Lobenstein v. United States

Mr. Chief Justice Waite

delivered the opinion of the court.

We agree entirely with the Court of Claims in its construction of the contracts sued upon in this case. By one contract, Lobenstein was to have “ all the hides of beef-cattle slaughtered for Indians at Camp Supply, ... up to and including June 30, 1870, which, the Superintendent of Indian Affairs at that place shall decide are not required for the comfort of the ’Indians ; the number of hides to be about 2,000, more or less.” The other contract is similar in its terms for the hides of cattle slaughtered for Indians at Fort Sill, the number to be about 4,000, more or less.

The Commissioner of Indian Affairs directed that all the cattle should be turned over to the Indian agent on foot; and this was done. None were slaughtered by any person acting under the authority of the United States; but they were all given out from time to time to the Indians, by whom they were killed. Consequently, no hides could be delivered under the contracts.

There was no obligation on the part of the United States to slaughter the cattle or any portion of them for the Indians; and they were only bound to deliver the hides of such as. they did slaughter, in case the Superintendent of Indian Affairs did not decide that they were required for the comfort of the Indians. If he decided that all were required by the Indians, that excused the United States from delivery to Lobenstein. He did, in effect, so decide when the Commissioner directed that the cattle should all be delivered on foot. Lobenstein took this risk when he entered into the contracts, and he Undoubtedly made his calculations of profits in case’ of success accordingly. *330The best evidence of this is to be found in the fact that he claims in this action to recover more than $15,000 for alleged loss of profits, while he has actually expended in preparation to meet his obligations only $1,256.75.

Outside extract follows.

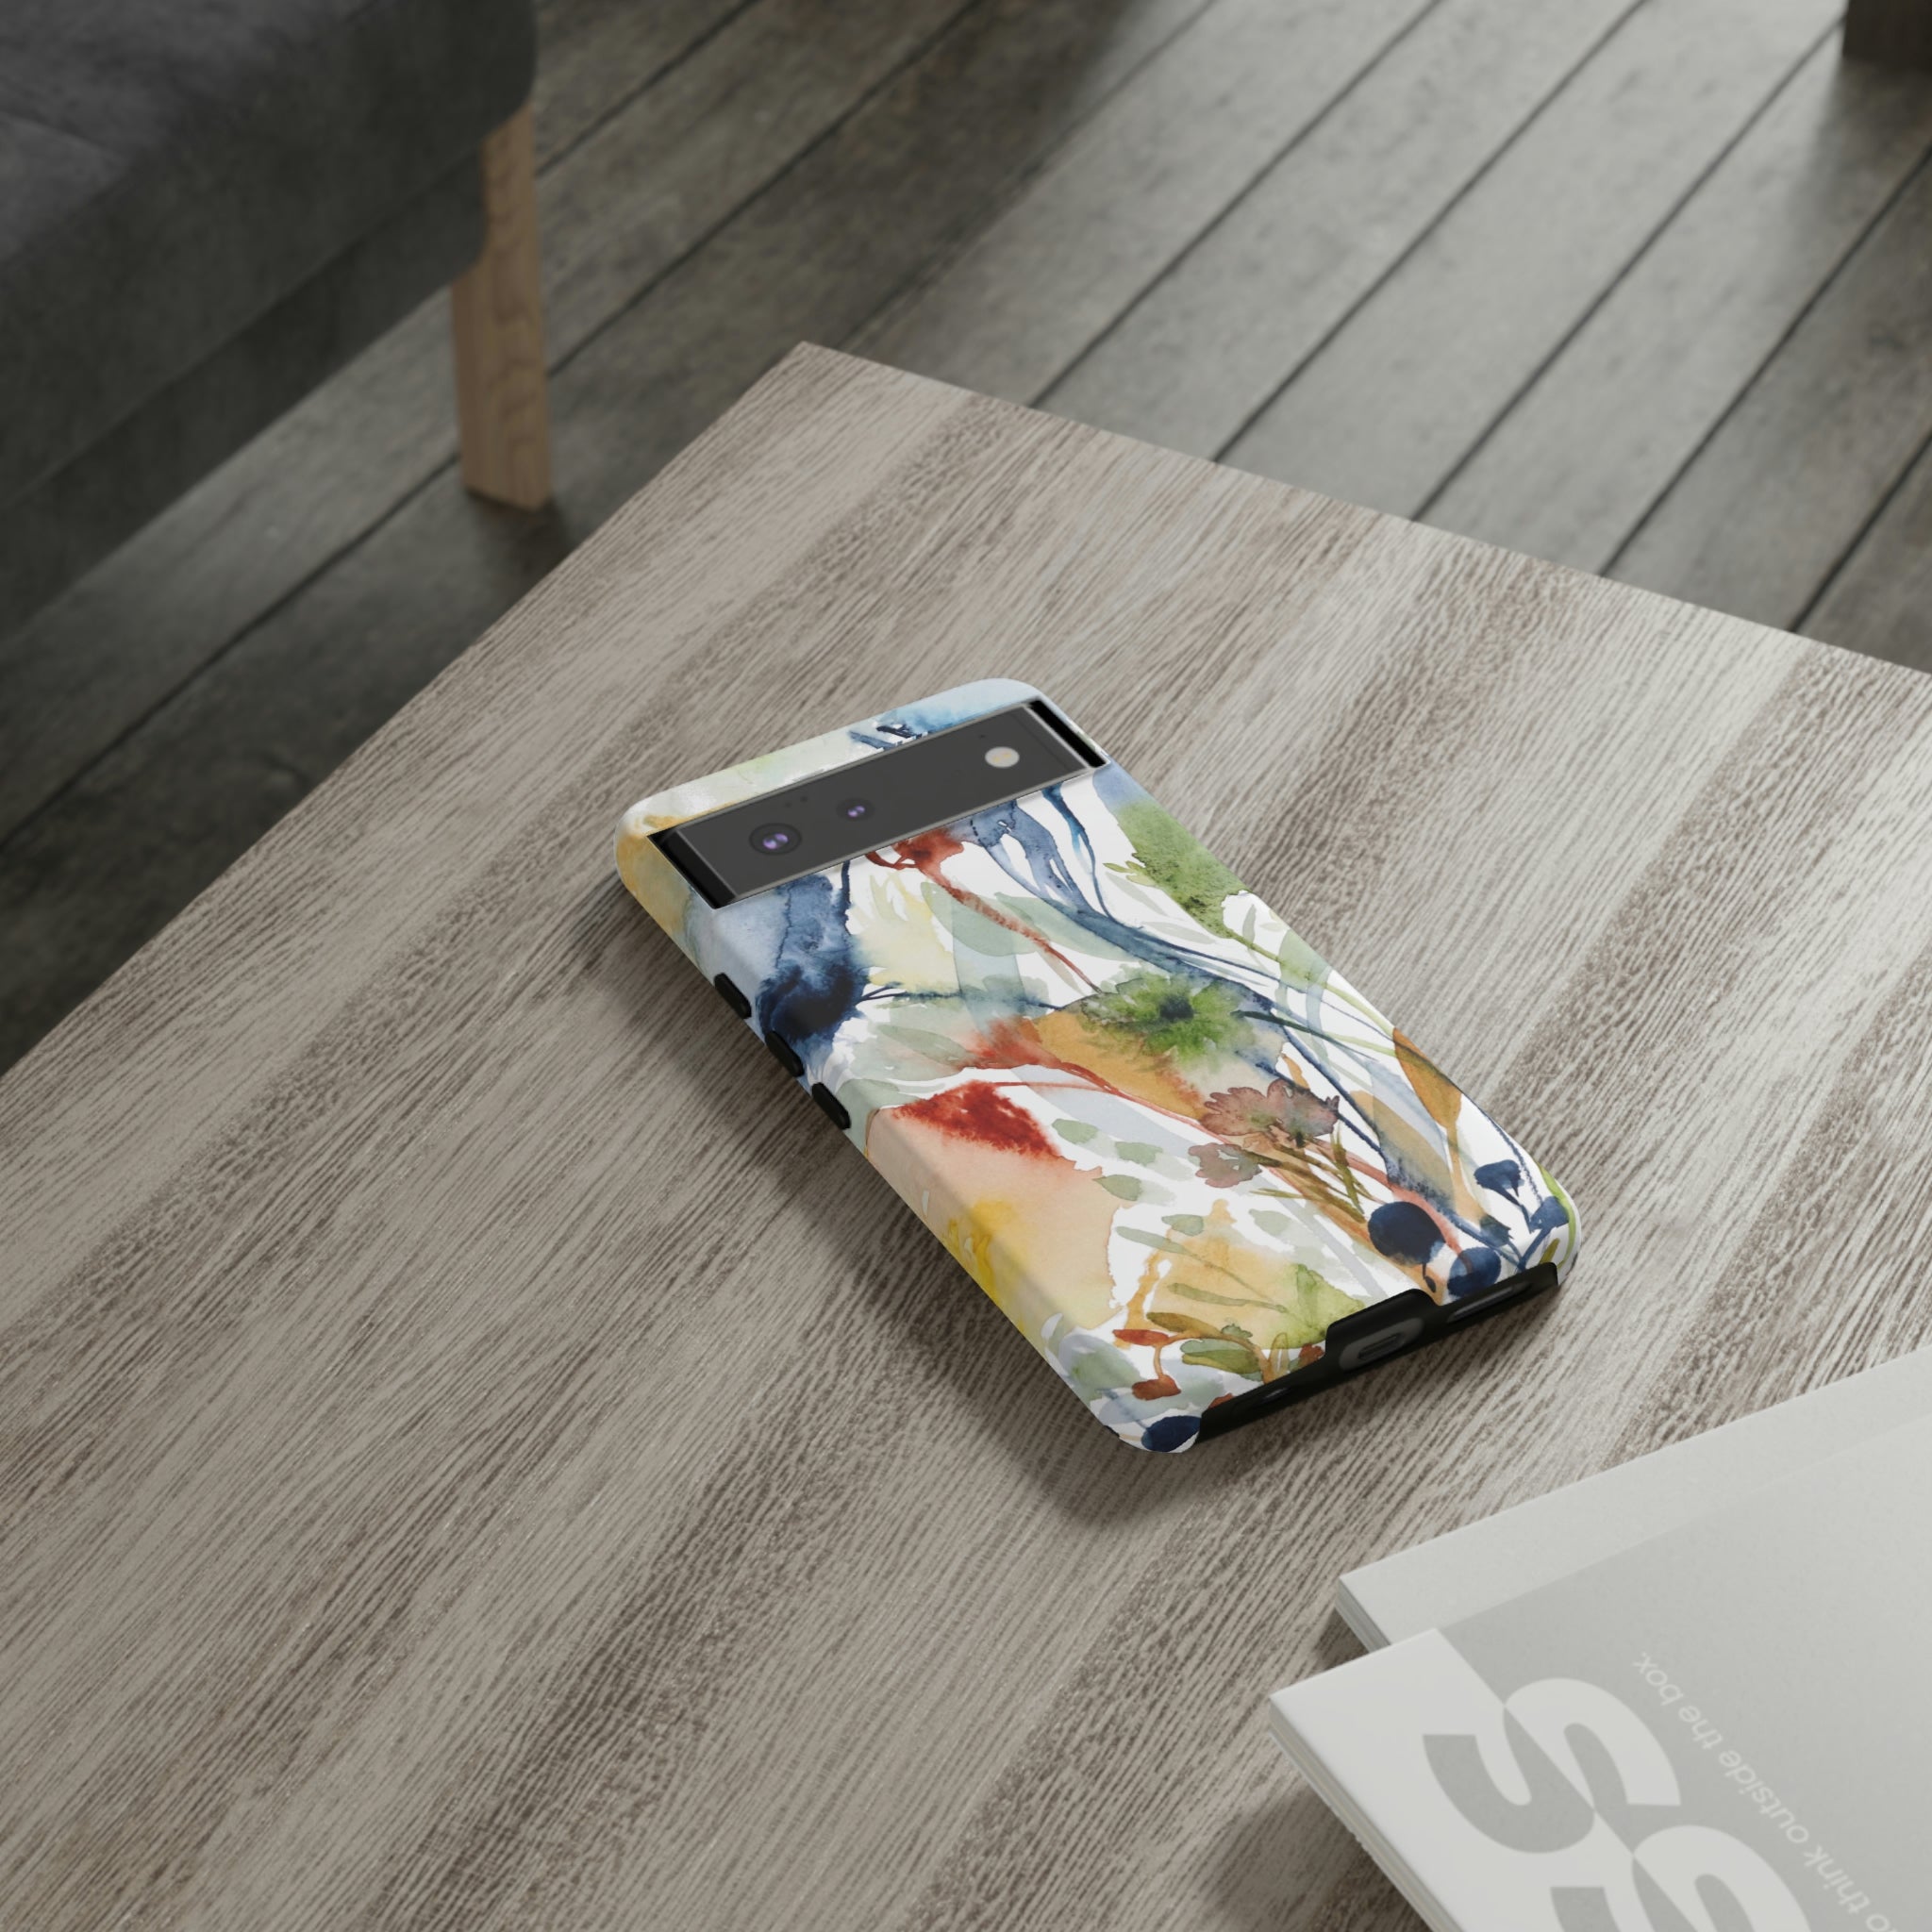 Flowers on Cell Phone Cases | Tough Cases

The estimate of the number of hides as made in the contracts does not create an obligation on the part of the United States to deliver that number. That estimate was undoubtedly intended as a representation of the probable number of cattle that would be delivered to the Indians. In point of fact, the number actually delivered was very much less. Neither party could determine how many would be reserved by the Commissioner for the use of the Indians. Therefore, necessarily, when the contract was made, the number specified could not have been understood to be a guaranteed number. If that number or its approximation was not guaranteed, none was. It follows as a consequence that this claimant has no right of action. He took his risk, and insured himself in his anticipated large profits if his venture proved a success.

The judgment of the Court of Claims-is affirmed.